Как страшно мертвецу среди людей
живым и страстным притворяться!
Но надо, надо в общество втираться,
скрывая для карьеры лязг костей.

 
   Много таких духовно мертвых людей я встречала потом на своем лагерном пути. В тюрьме таких не было. Тюрьма, особенно одиночная, наоборот, возвышала людей, очищала их нравственно, раскрывала все глубинные алмазы и золотые россыпи души.

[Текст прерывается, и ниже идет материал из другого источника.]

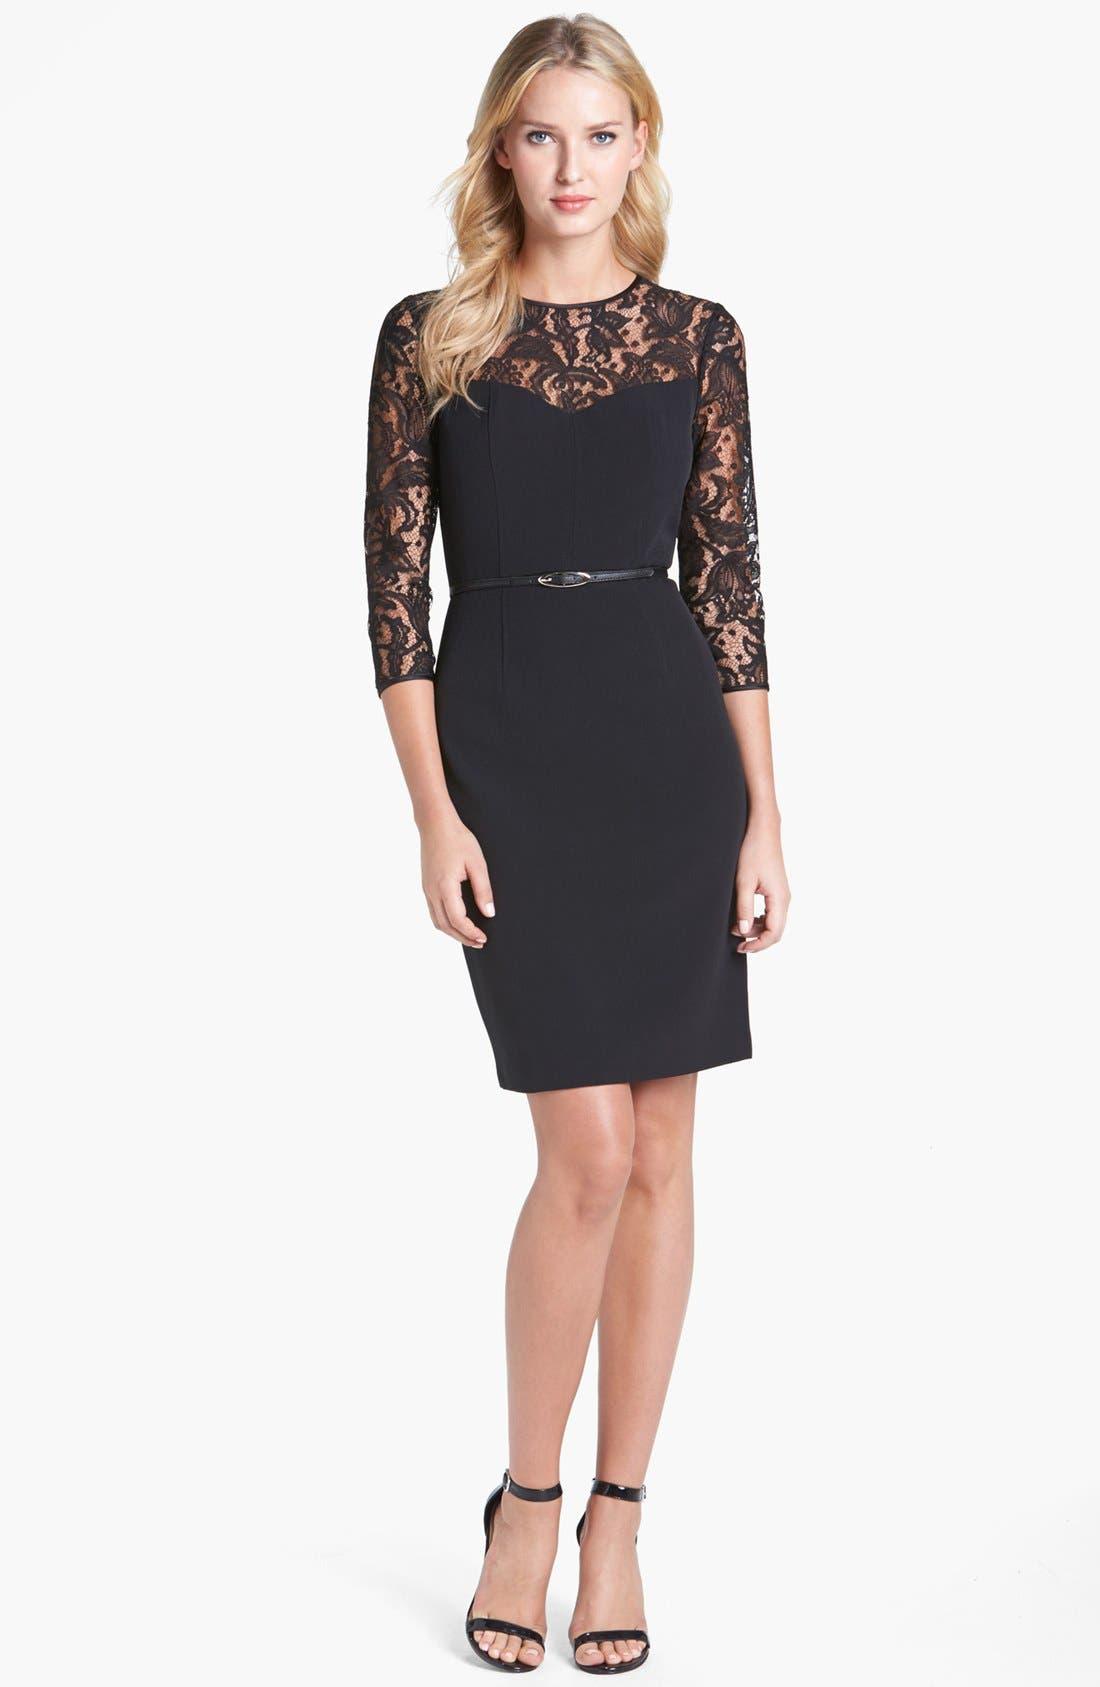 Alternate Image 1 Selected - Adrianna Papell Lace Yoke Crepe Sheath Dress

   …В каменном карьере мне довелось узнать, что такое каторжные работы. Установилась июльская жара. Беспощадные дальневосточные прямые ультрафиолетовые лучи. От камня даже на расстоянии пышет адским жаром. И главное — мы, больше двух лет не видевшие лученышка, отвыкшие в одиночках от всякого физического действия, больные цингой и пеллагрой… После доконавшего нас седьмого вагона. Именно нам предстояло справляться с этими земляными и «каменными» работами, требующими даже от мужчин большой силы и выносливости.
   Удивительно, как редки были на этом солнцепеке солнечные удары. Я вспоминаю только два случая. Один раз это была Лиза Шевелева, личный секретарь Елены Стасовой по коминтерновской работе. Она потом умерла в магаданской больнице заключенных, сразу после морского этапа. Другой была Верико Думбадзе, девочка, арестованная за отца в возрасте 16 лет. Их отнесли на тех же носилках, на которых мы таскали камни, в больницу, но уже через два дня обе были снова выписаны на работу.
   В уме все время проносились разные книжные ассоциации. Новая Каледония. Жан Вальжан на каторге. Каторжник, прикованный к тачке… Вот как оно, оказывается, выглядит все это в жизни.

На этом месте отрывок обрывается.